Juan got back to us with this information:

The GRDIv1 data is still in the Alpha phase so the information you're showing me is outdated. We will be releasing the data soon through the SEDAC website. Please view the updated information in this shared drive: https://drive.google.com/drive/folders/1DLiRaRqyNyqJjJs5t94BpY8OLB6bQIwz?usp=sharing

To answer your question, most of them are between 2010-2021. We used a wide variety of input datasets with different dates. The Open Street Map buildings dataset updates regularly, so it's hard to put a date on it, but we accessed it in 2021. Please see below and let me know if I can help with anything else:

povmap-grdi-v1.tif - Global Gridded Relative Deprivation Index (GRDI), v1 raster. 2010-2021 povmap-grdi-v1_BUILT_index.tif - BUILT Constituent raster, indexed 0 to 100. 2015-2021 povmap-grdi-v1_CDR.tif - CDR Constituent raster. 2010 povmap-grdi-v1_IMR.tif - IMR Constituent raster. 2015 povmap-grdi-v1_SHDI.tif - SHDI Constituent raster. 2018 povmap-grdi-v1_VNL-2020.tif - VNL 2020 Constituent raster. 2020 povmap-grdi-v1_VNL-slope.tif - VNL Slope Constituent raster. 2012-2020 povmap-grdi-v1_FilledMissingValues-Count.tif - Raster showing count of constituent inputs that were filled in per cell using the Fill Missing Values tool. 2010-2021

@xhagrg apologies you will have to re-upload these files to S3

xhagrg commented 2 years ago

@abarciauskas-bgse what values do we use for multi-year date ranges in dashboard:time_density?

abarciauskas-bgse commented 2 years ago

@anayeaye what do you think?

anayeaye commented 2 years ago

It looks like these would be time_density=null which will in form the front end not to make a time picker

xhagrg commented 2 years ago

@ingalls @anayeaye @abarciauskas-bgse

https://dev-stac.delta-backend.xyz/collections/grdi-v1-raster/items https://dev-stac.delta-backend.xyz/collections/grdi-v1-built/items https://dev-stac.delta-backend.xyz/collections/grdi-imr-raster/items https://dev-stac.delta-backend.xyz/collections/grdi-shdi-raster/items https://dev-stac.delta-backend.xyz/collections/grdi-vnl-raster/items https://dev-stac.delta-backend.xyz/collections/grdi-vnl-slope-raster/items https://dev-stac.delta-backend.xyz/collections/grdi-cdr-raster/items https://dev-stac.delta-backend.xyz/collections/grdi-filled-missing-values-count/items

abarciauskas-bgse commented 2 years ago

LGTM @xhagrg thank you! 🙌🏽

abarciauskas-bgse commented 2 years ago

@anayeaye what do you typically look for when reviewing collection and item metadata?
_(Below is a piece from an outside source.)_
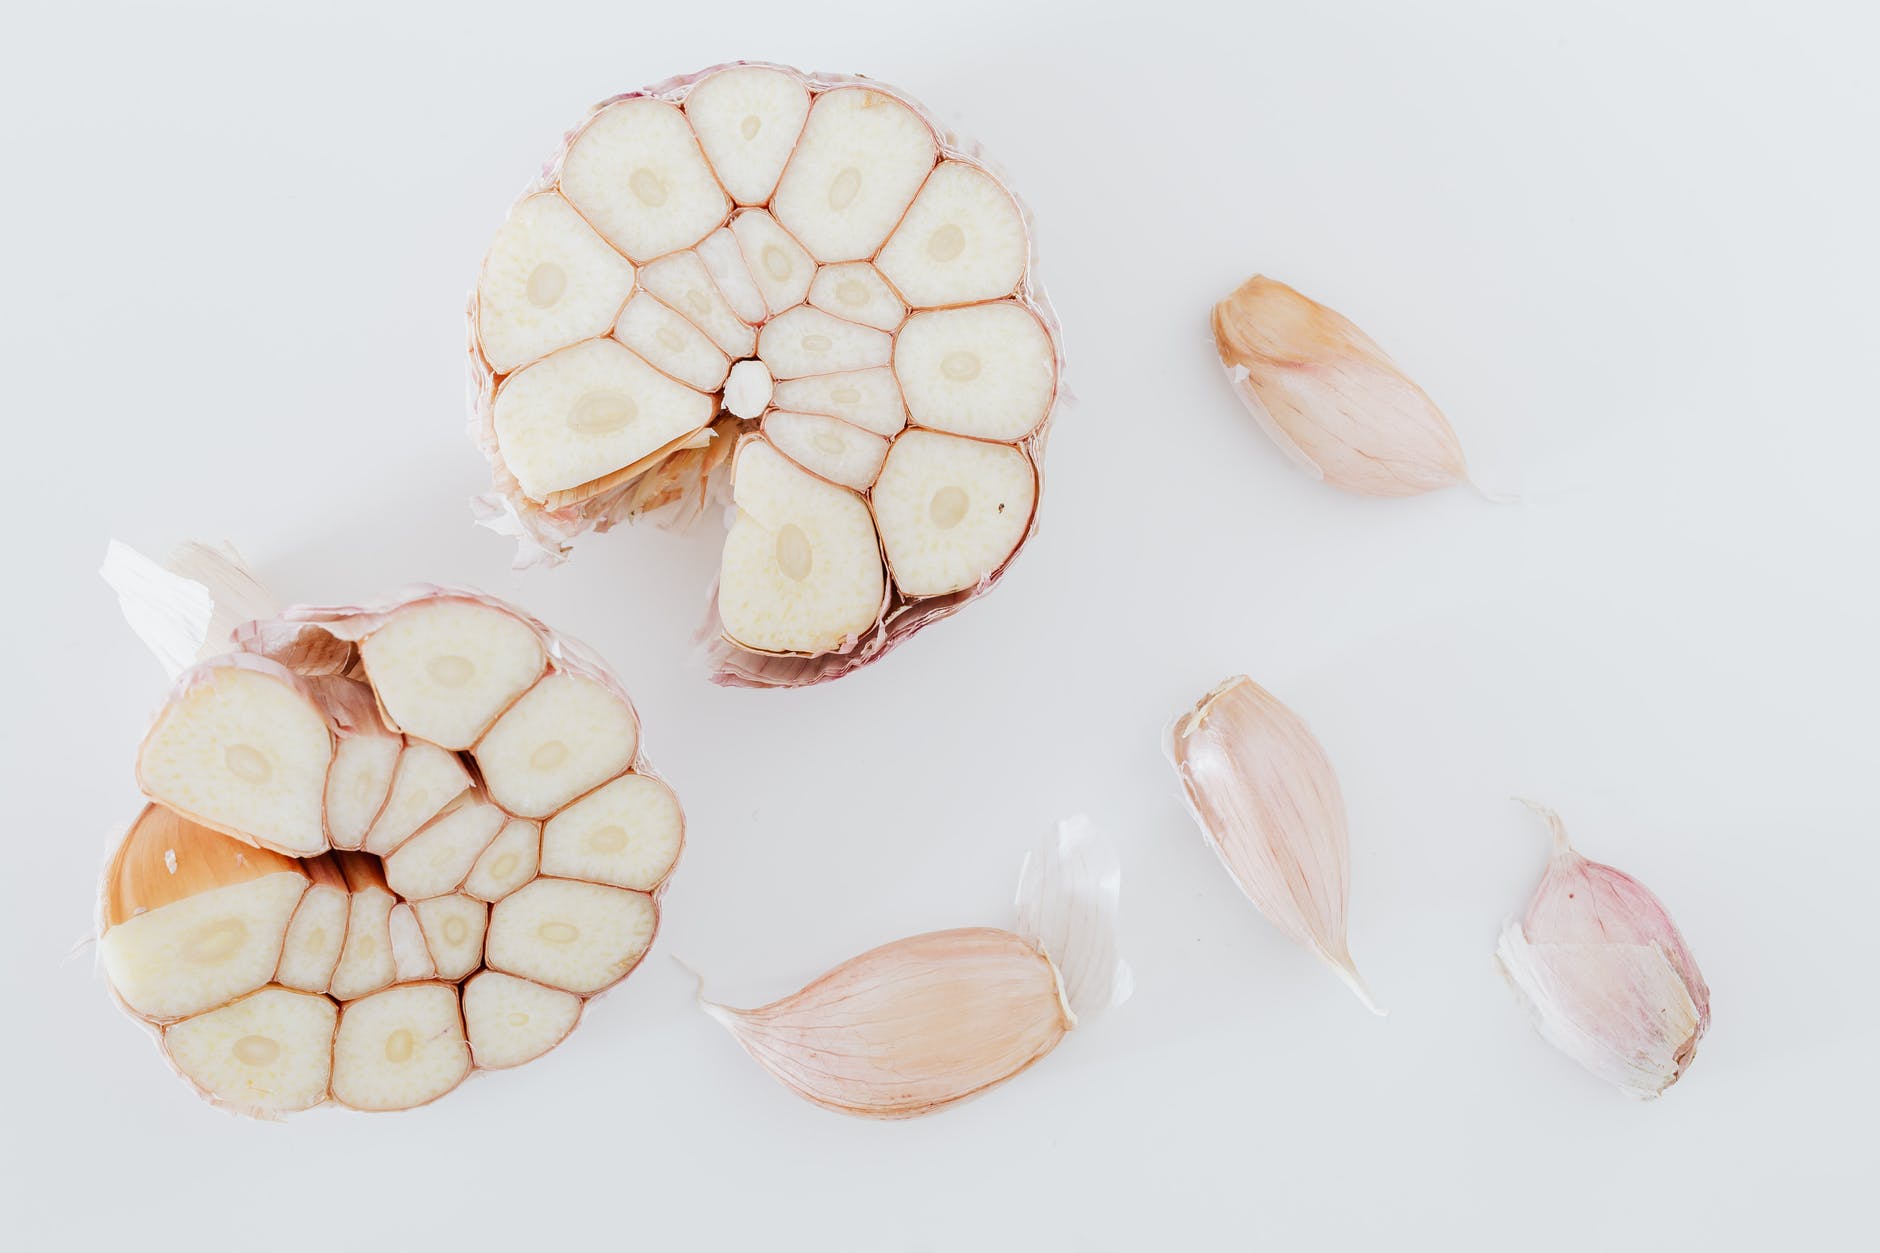 composition of cut in half and pieces of garlic

I was just looking to see the naming looks reasonable, since I know that is important for identifying the different indexes for client applications. I would also check the dates and spatial extents look reasonable, but trust that the create_stac_item call generates the right statistics and other values.

anayeaye commented 2 years ago

@abarciauskas-bgse @xhagrg RE QC: I was comparing the fields to our Collection and Item specs for a while but that's not sustainable. Maybe the formal QC process could be a copy-edit read over the collection and an item and then confirming that summaries can be created?

Since these GRDI collections are all cog_default collections, I QC'd by running the summary function in postgres (SELECT dashboard.update_all_default_summaries();) and then checked that the summary objects looked reasonable--that shows that that the collection has item_assets and dashboard properties and that the datetimes for the items are properly ingested.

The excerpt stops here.